Okay I understand that the approaching car will be a straight line because it has constant speed, but I don't understand why X0 is negative? That totally makes sense to graph it I don't know why I didn't think of that. Could you explain to me how you got x = 1/2at^2? I can see how that will be a curve because you are going to have to floor it and you will gain speed at an exponential rate. I also don't understand what you mean by car A is at x = -x0 at t = 0.

Thank you so much. Here is a quick graph I made - is this correct?

I'm just going off an assumption here. Could it be because Xo is prior to your starting point? So anything g behind your initial position is negative?

 

[Ray Vickson]

I'm just going off an assumption here. Could it be because Xo is prior to your starting point? So anything g behind your initial position is negative?

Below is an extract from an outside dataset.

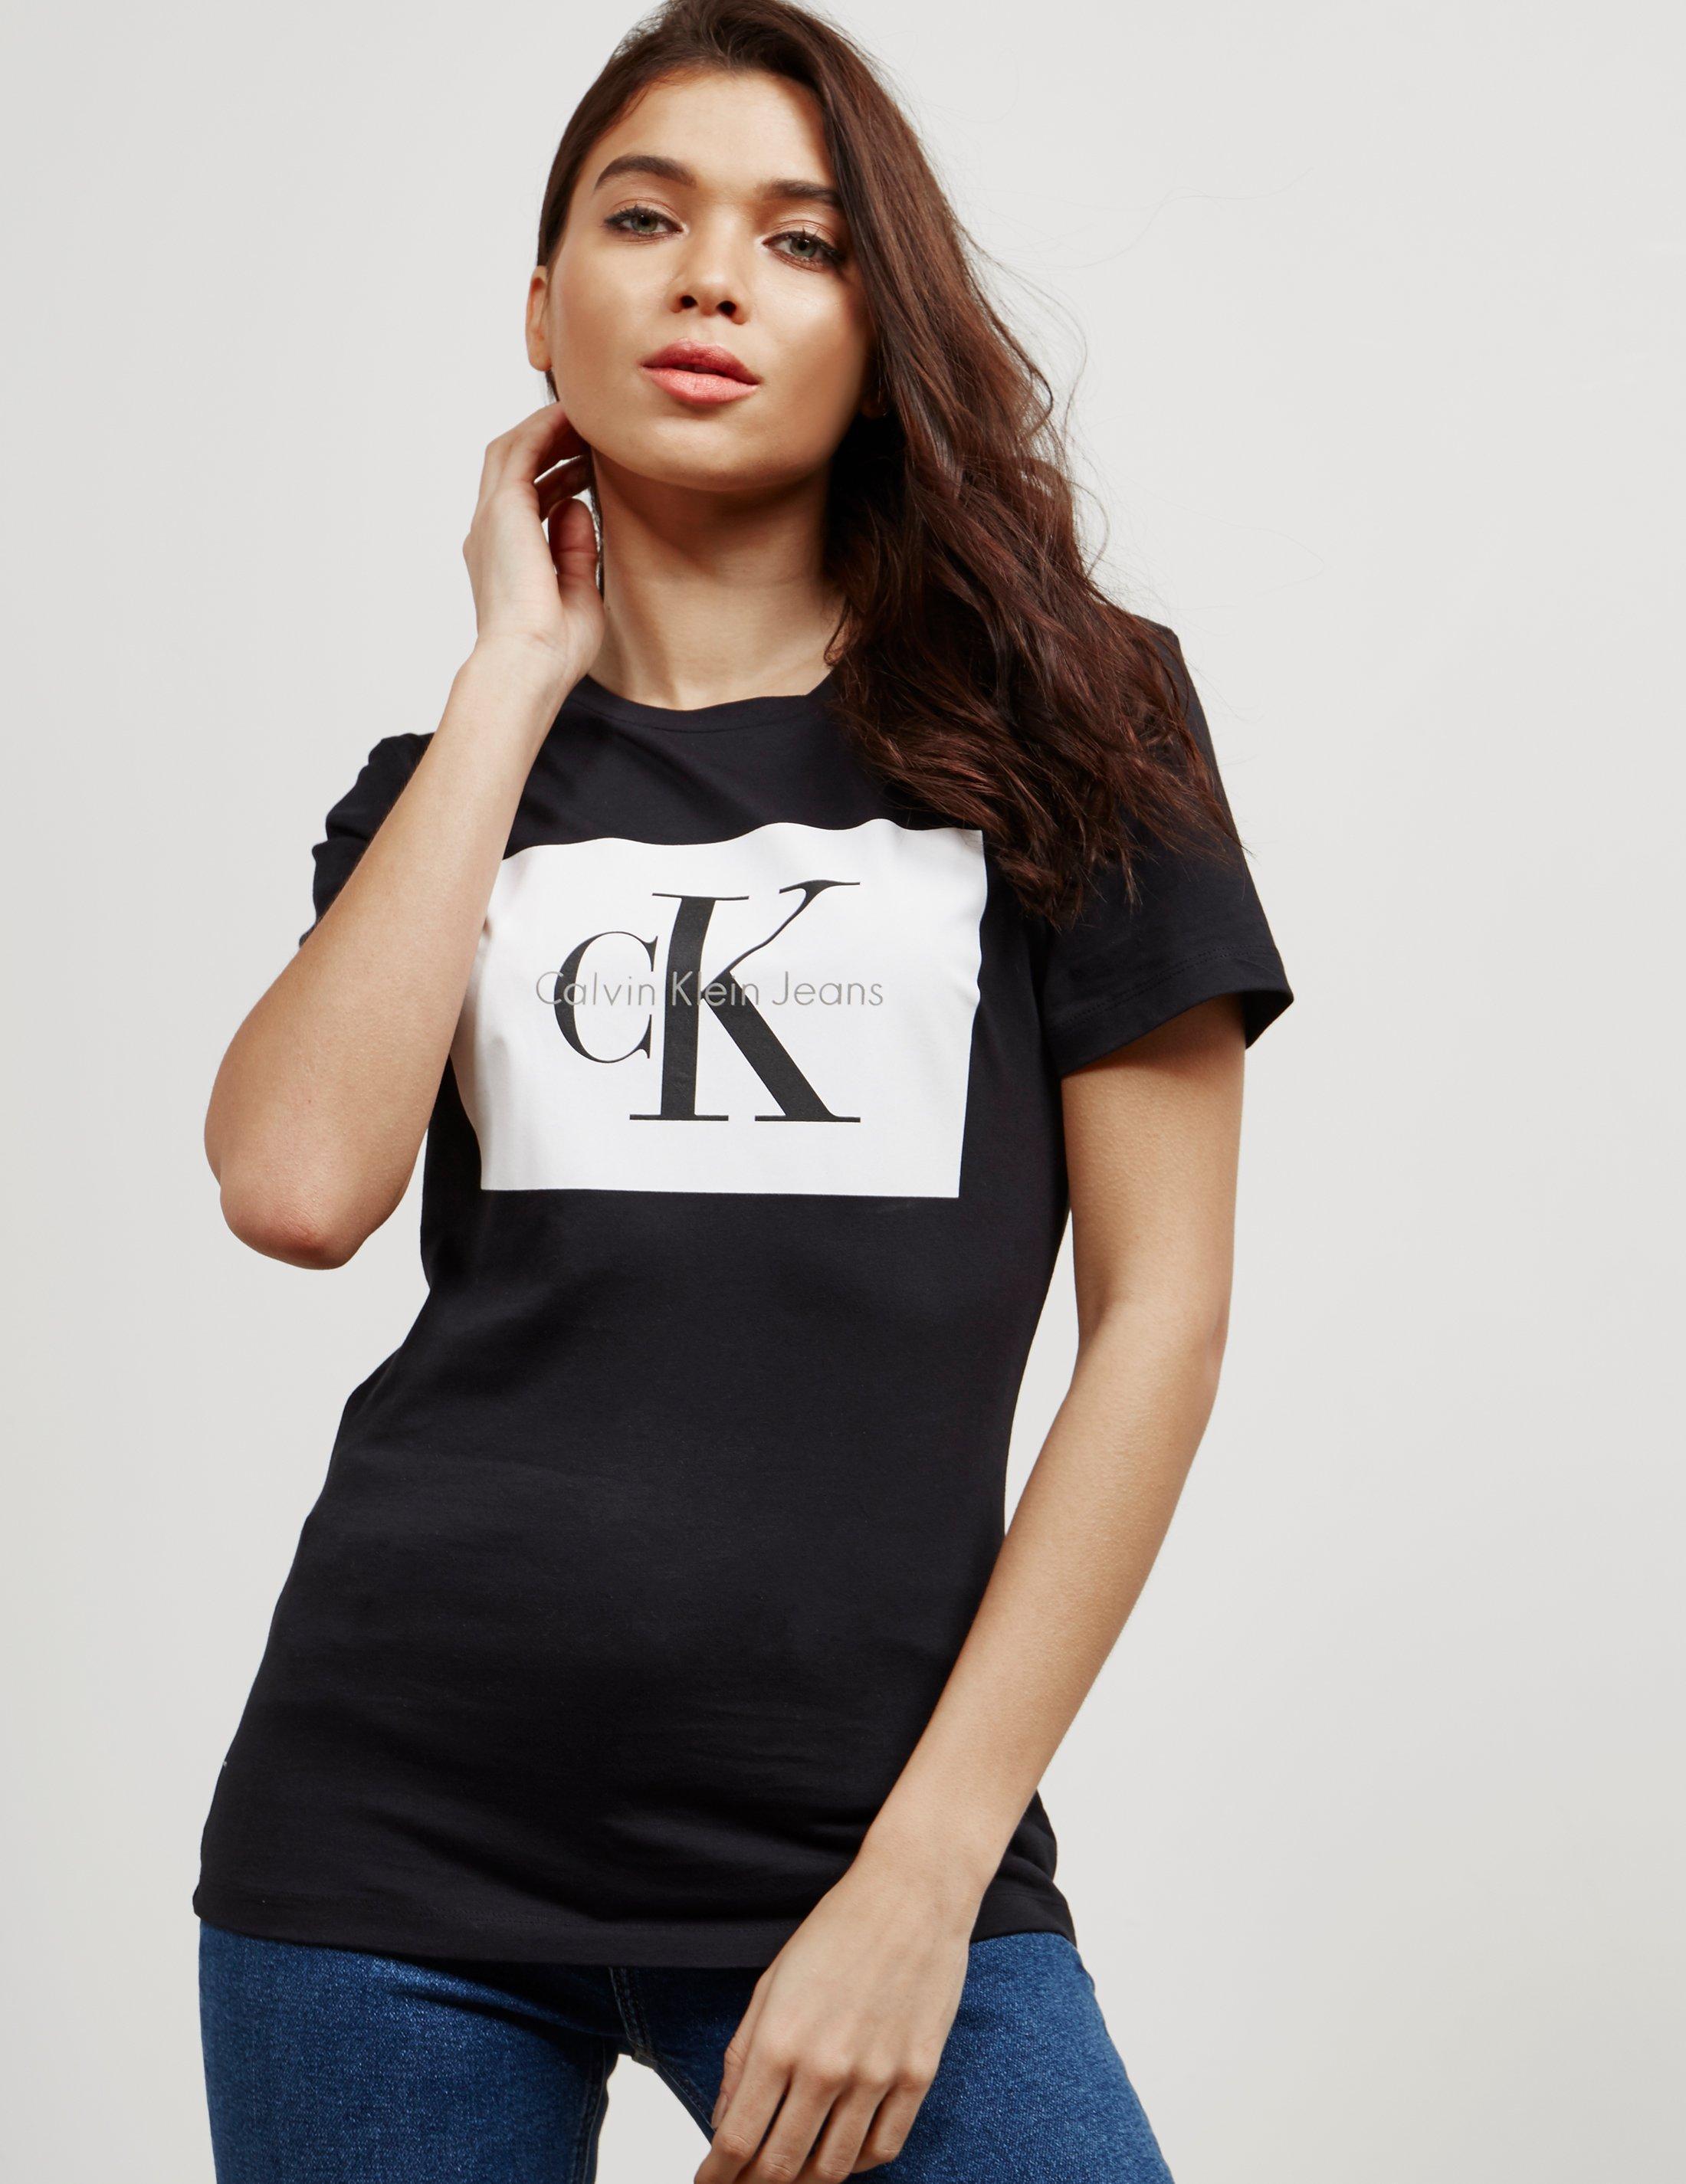 Online Square Klein Womens T Short Calvin Shirt Exclusive Sleeve x067pqpSw

Of course. Surely you must have seen a "number line" before? East = positive $x$, west = negative $x$.

 

[kuruman]

Now that the problem has been marked "solved", I can contribute a quicker way to get to the answer. The required distance $x_{min.}$ will depend on two independent parameters, the constant speed $v_0$ of the trailing car and the maximum acceleration $a$ of the leading car. The leading car must reach speed $v_0$ over the minimum distance $x_{min.}$. If it moves slower than that, it started accelerating too late; if it moves faster than that, it started accelerating too soon. Therefore, from the "fourth" kinematic equation $$2ax_{min.}=v_0^2 - 0^2 \rightarrow x_{min.}=\frac{v_0^2}{2a}$$

 

[haruspex]

Now that the problem has been marked "solved", I can contribute a quicker way to get to the answer. The required distance $x_{min.}$ will depend on two independent parameters, the constant speed $v_0$ of the trailing car and the maximum acceleration $a$ of the leading car. The leading car must reach speed $v_0$ over the minimum distance $x_{min.}$. If it moves slower than that, it started accelerating too late; if it moves faster than that, it started accelerating too soon. Therefore, from the "fourth" kinematic equation $$2ax_{min.}=v_0^2 - 0^2 \rightarrow x_{min.}=\frac{v_0^2}{2a}$$

C.f. post #23.

 

[kuruman]

C.f. post #23.

Sure, but it's not necessary to run time backwards. In either car's reference frame the other car drops its speed from initial speed $v_0$ to zero over distance $x_{min.}$.

 

[haruspex]

Sure, but it's not necessary to run time backwards. In either car's reference frame the other car drops its speed from initial speed $v_0$ to zero over distance $x_{min.}$.

Yes, it is not necessary to run time backwards; I was just trying to make it exactly like the commonest example of the equation.